What I didn't enjoy was doing housework. Trying to keep up with laundry, clean walls and windows or even with what is in the back of the fridge. Never was any good at it.
I remembered a saying that was on the wall of our house while I was growing up and it fit perfectly. "My house is clean enough to be healthy and dirty enough to be happy". It is what I lived by. If anyone came over to see my house they would be sorely disappointed but if they came to visit me then they'd leave feeling loved and lighter, having laughed much.
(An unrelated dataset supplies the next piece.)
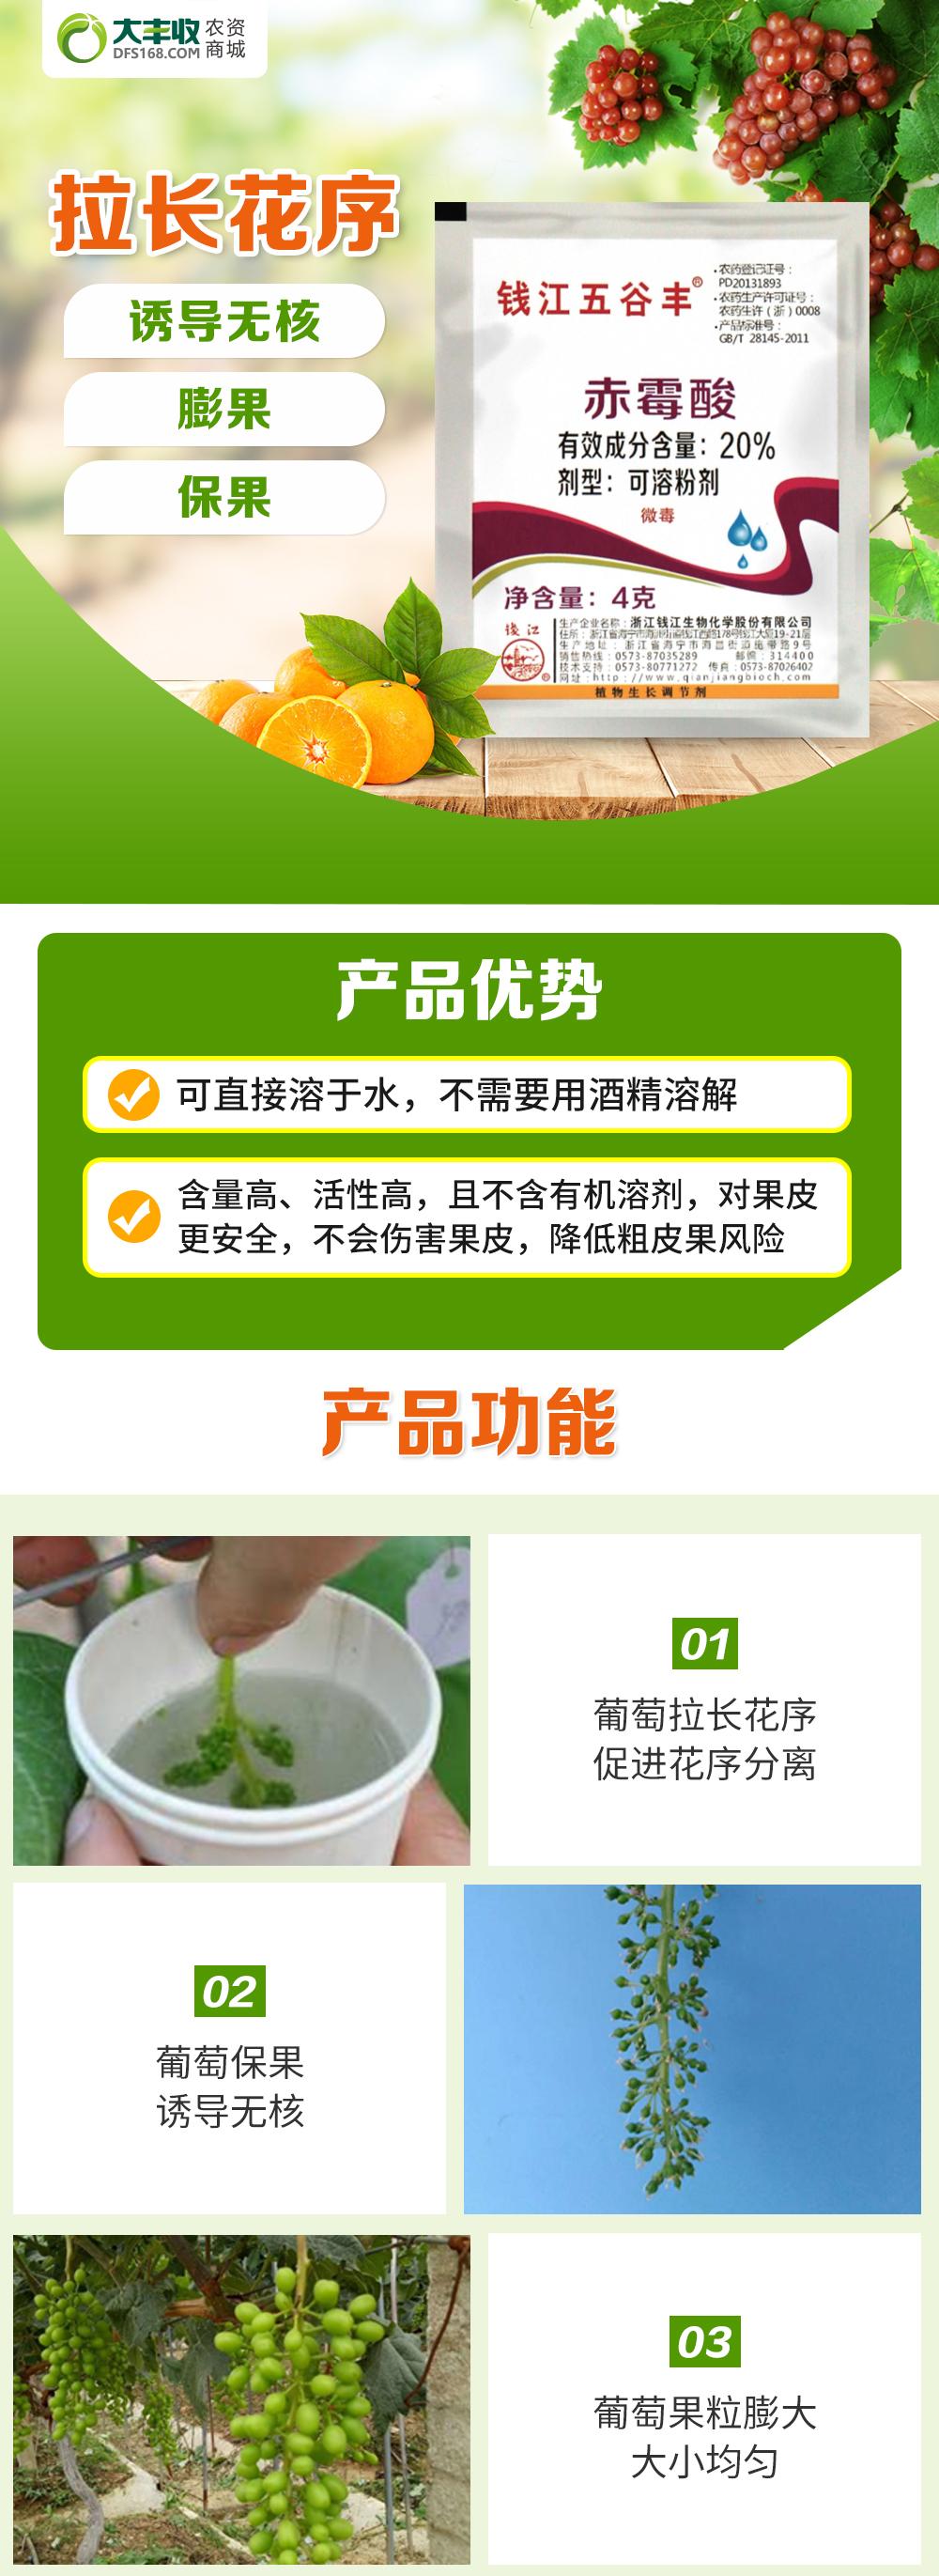 20%赤霉酸可溶粉剂商详—综合版_01.jpg

This brings me to one of my favourite poems. It is by Ruth Hamilton and I have loved it since I was young. The title suggests it's for a mother with a good number of children but I think a mother with even one child can appreciate the sentiments.
Song for a Fifth Child
- by Ruth Hulburt Hamilton
Empty the dustpan, poison the moth,
Hang out the washing and butter the bread,
Sew on a button and make up a bed.
Where is the mother whose house is so shocking?
She’s up in the nursery, blissfully rocking. Oh, I’ve grown shiftless as Little Boy Blue
(Lullaby, rockaby, lullaby loo).
Dishes are waiting and bills are past due
(Pat-a-cake, darling, and peek, peekaboo).
The shopping’s not done and there’s nothing for stew
And out in the yard there’s a hullabaloo
But I’m playing Kanga and this is my Roo.
Look! Aren’t her eyes the most wonderful hue?
(Lullaby, rockaby, lullaby loo).
The cleaning and scrubbing will wait till tomorrow,
For children grow up, as I’ve learned to my sorrow.
So quiet down, cobwebs. Dust go to sleep.
I’m rocking my baby and babies don’t keep.